Unit Cell

Unit Cell builds crystallographic unit cells using information in PDB files. A crystallographic unit cell consists of a unique set of coordinates, duplicated and transformed according to the crystallographic and (if present) noncrystallographic symmetries in the crystal. Unit Cell can be used to regenerate the full unit cell, or only those parts defined by crystallographic symmetry or noncrystallographic symmetry. See also: Crystal Contacts, Multiscale Models, sym, fetching PQS files

There are several ways to start Unit Cell, a tool in the Higher-Order Structure category.

Once a PDB file has been opened in Chimera, Unit Cell can generate symmetry-related copies if the PDB header contains sufficient information. In the dialog, Molecule can be set to any open molecule model. The space group, unit cell parameters, and numbers of transformation matrices available for the current Molecule are shown. If the PDB file has no CRYST1 record, the space group and cell parameters fields will be blank. If the PDB file also lacks SMTRY and MTRIX information, or if the model was not read from a PDB file, it will not be possible to build a unit cell.

• Make copies loads copies of the coordinates from the same source as the originally opened model (a local file or a file fetched from the Web) and transforms them as specified by the options.
• Outline toggles whether a white outline of the unit cell is shown.
• Delete copies removes all copies of the molecule except the original.
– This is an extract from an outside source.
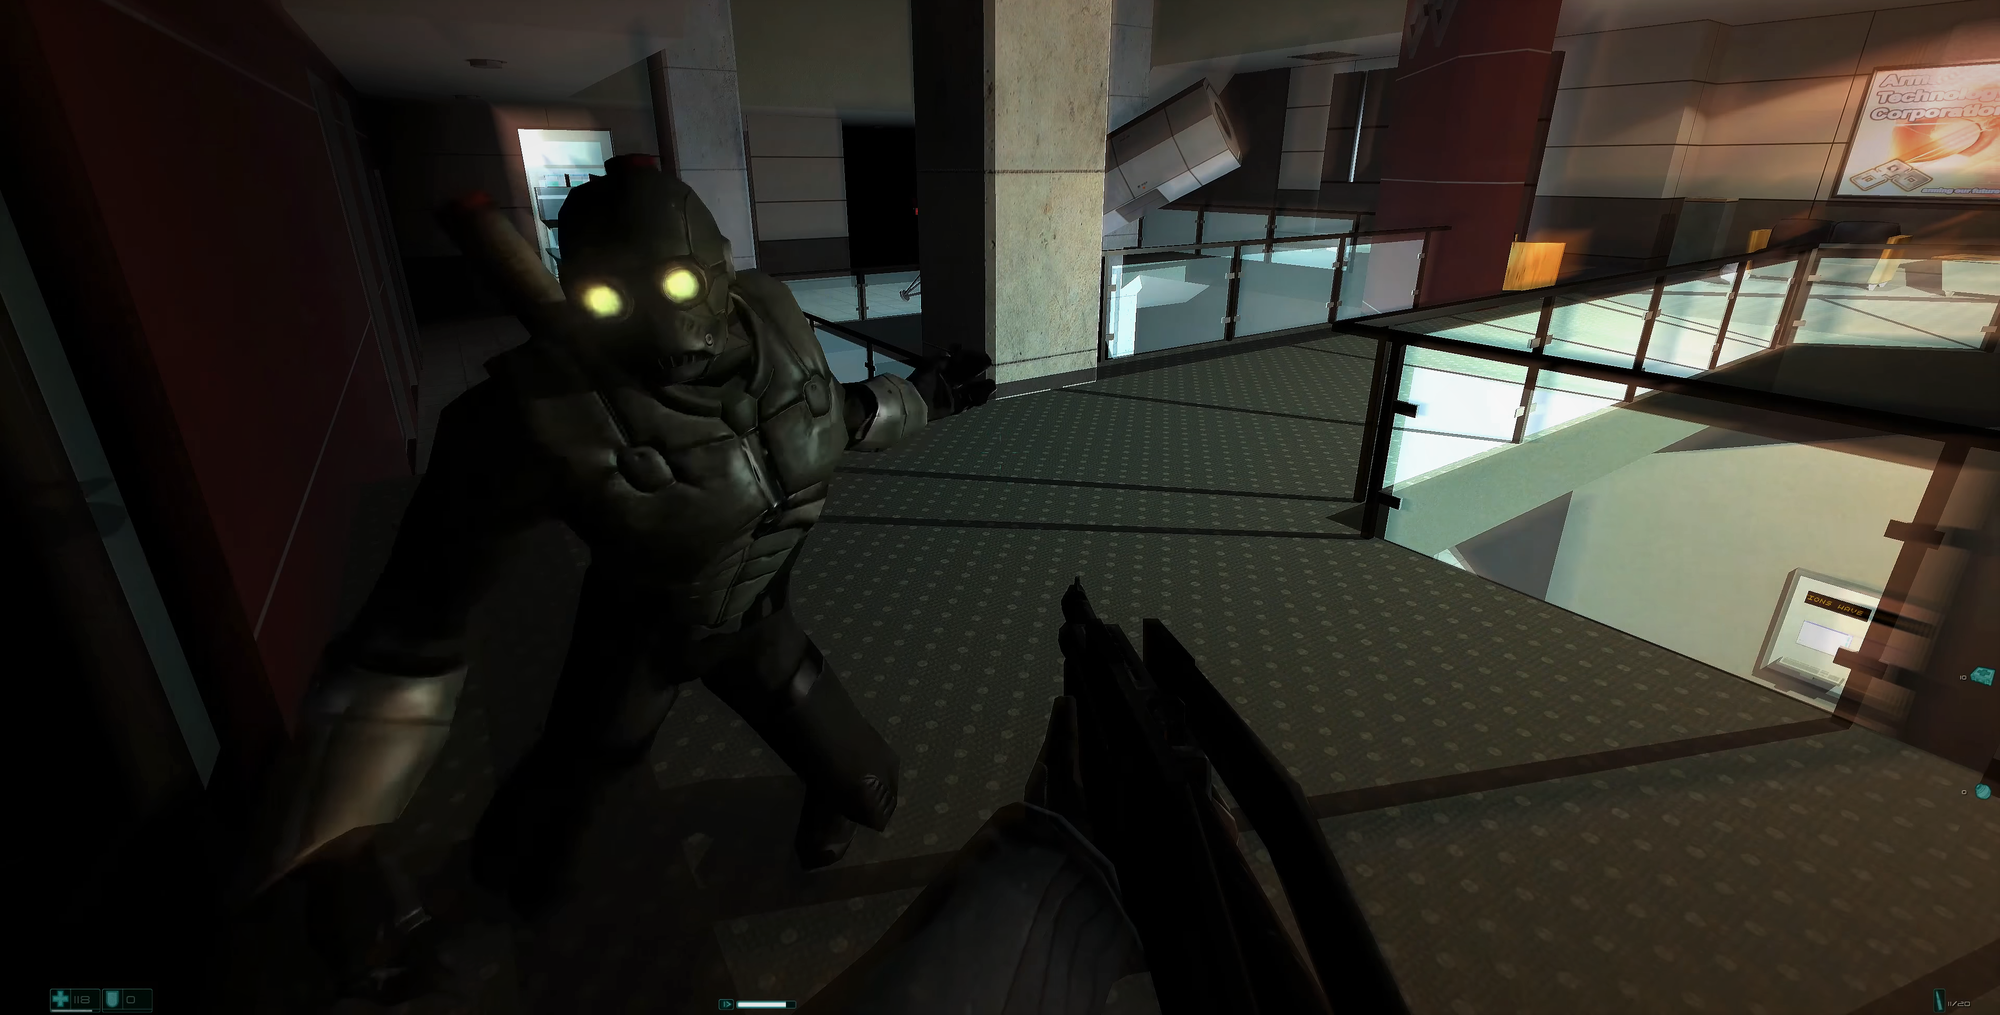 Screenshot from the game. The player is standing on a walkway and an enemy wearing a gas mask is approaching them.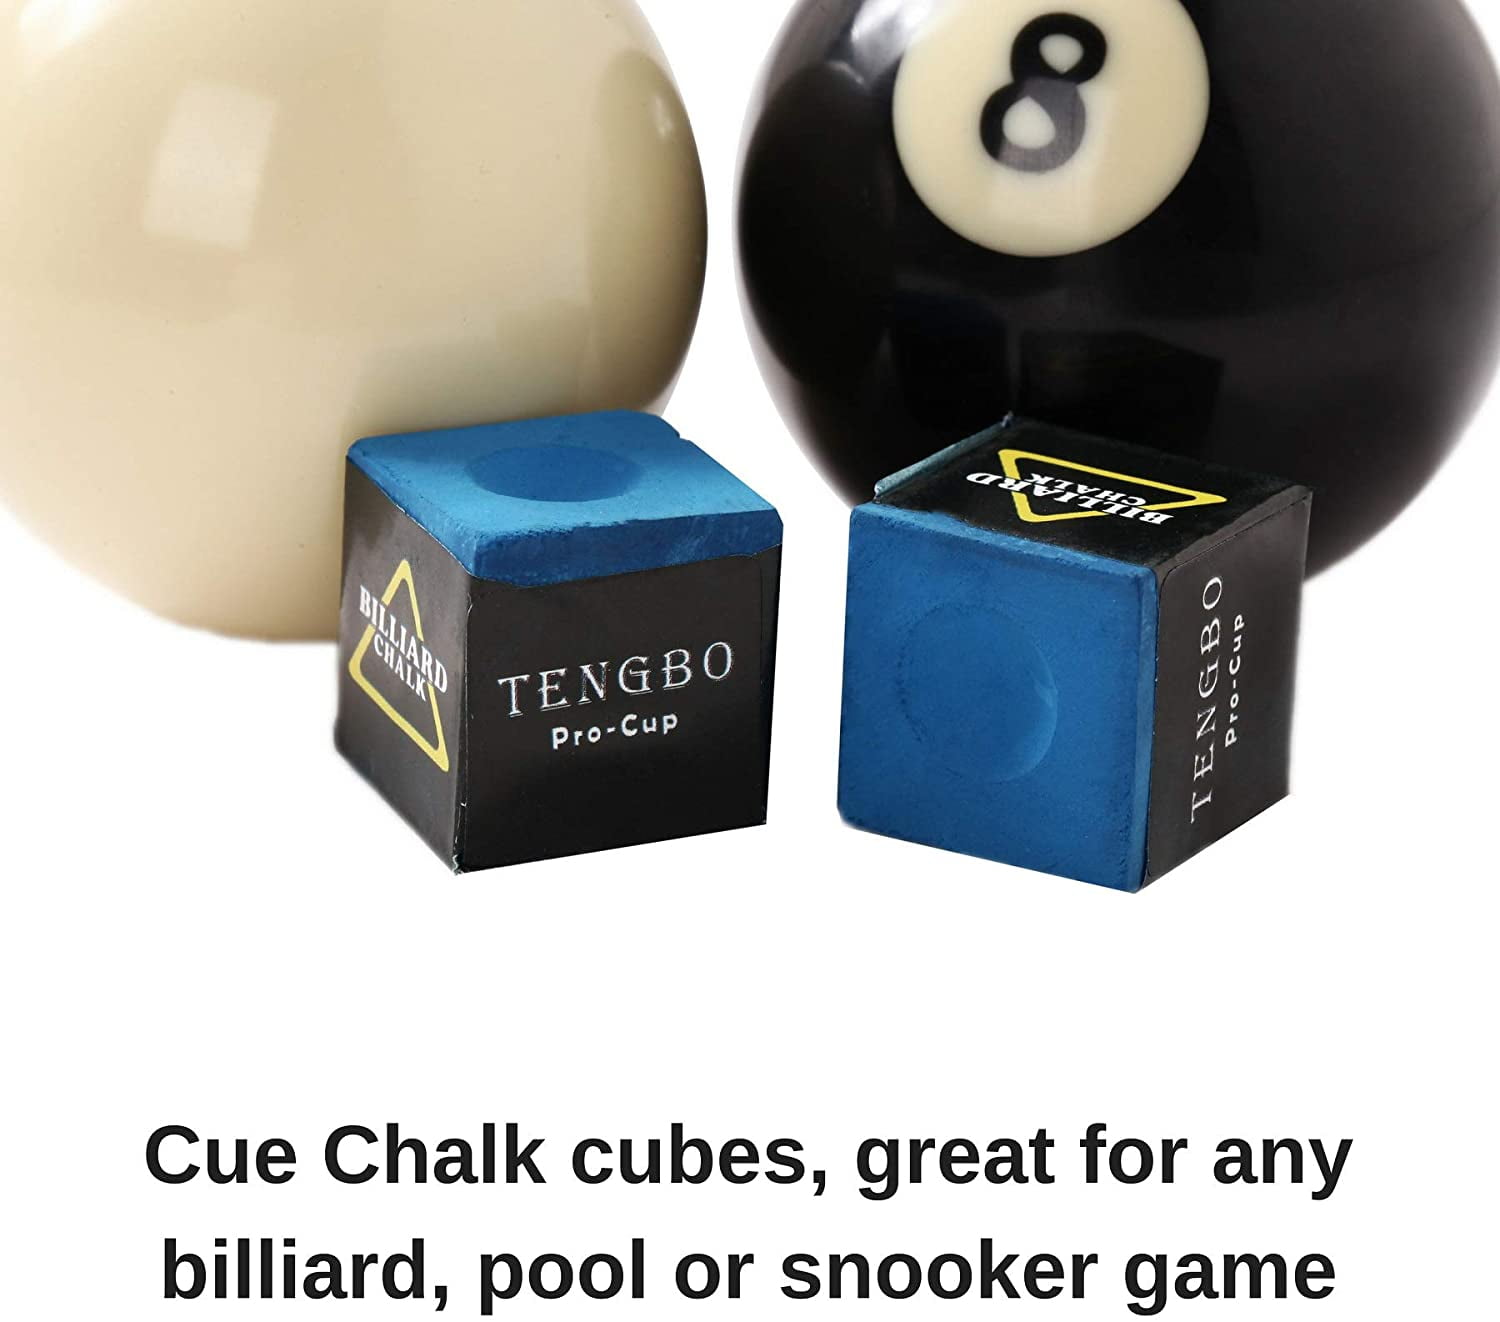 Billiard Cue Bridge Spider Head and Cue Cross X Rest, 5 Cue Chalk Cubes and  2 Table Spots - Pool Table Game Accessories for Cue Sticks

Clicking Options reveals additional settings (clicking the close button on the right hides them again):

• Use SMTRY records in PDB header - The SMTRY1, SMTRY2, and SMTRY3 records found in REMARK 290 contain the rows of transformation matrices defining the crystallographic symmetry. These records are not present in all PDB entries.
  
  
• Use CRYST1 record if SMTRY records are missing - The CRYST1 record contains the unit cell size in angstroms, the cell angles, and the name of the space group. The transformations defining the crystallographic symmetry can be looked up in a table by space group name. Some PDB entries contain nonstandard space group names that are not in the table. When this occurs, the number of space group symmetries is reported as zero; if the SMTRY matrices are also missing, then the crystal packing is unknown.
  
  
• Use MTRIX records for non-crystallographic symmetry - The MTRIX1, MTRIX2, and MTRIX3 records contain the rows of transformation matrices defining the noncrystallographic symmetry. Only a small fraction of PDB entries have MTRIX records (~10% in 2003). Most of these describe how to transform the coordinates of one chain to match closely the coordinates of another chain already present in the PDB file. In a few cases (~0.25% of PDB entries), the MTRIX records describe a transformation that produces a new copy whose coordinates are not already in the file. These two cases are distinguished by the contents of column 60 in the MTRIX records. A "1" means that the transformation yields coordinates that are already given (these MTRIX records are ignored by Unit Cell), whereas a blank space means that the transformation will produce a new copy. MTRIX column 60 is set incorrectly in some files; for example, it is "1" in 2btv even though the MTRIX records define coordinates not present in the file. Further, MTRIX records are sometimes missing. For example, 1cd3 has no MTRIX records, but the remarks describe how to produce them from the BIOMT records. Of course, this cannot be handled by Unit Cell.

  MTRIX records do not describe crystallographic symmetries, but define additional symmetries of the asymmetric unit of the crystal. Because the copies of the molecule occupy nonequivalent positions in the crystal, they usually have small structural differences due to differing crystal contacts. Thus, an independent set of coordinates is usually included for these copies, and MTRIX records are not needed. MTRIX records are often used for icosahedral virus particles, where the PDB file will include the coordinates of one molecule in the shell and MTRIX records describing how to place copies that are not crystallographically equivalent. The size of the virus particle precludes independent refinement of coordinates for each copy of a molecule in the shell.

• Cell origin coordinates (default 0 0 0) are in unit cell lengths and describe translations of the unit cell along its axes. Values of a coordinate that differ by integer amounts are equivalent; e.g., (0.3 0 0) is equivalent to (-0.7 0 0) and (4.3 0 0). Changing the origin may rearrange the copies and shift the outline (if present). The shift will occur in the direction that maintains the center of the original copy within the box.
  
  
• Number of cells (default 1 1 1, a single cell) allows generating a block of multiple unit cells. The three values specify dimensions in number of cells along the unit cell axes.

Limitations

Many problems are due to information that is missing from (or incorrect within) the input PDB file. One way to validate symmetry information is to identify steric clashes with the Crystal Contacts tool.

Unit Cell does not generate multimers defined by BIOMT records, but this can be done with Multiscale Models or the command sym.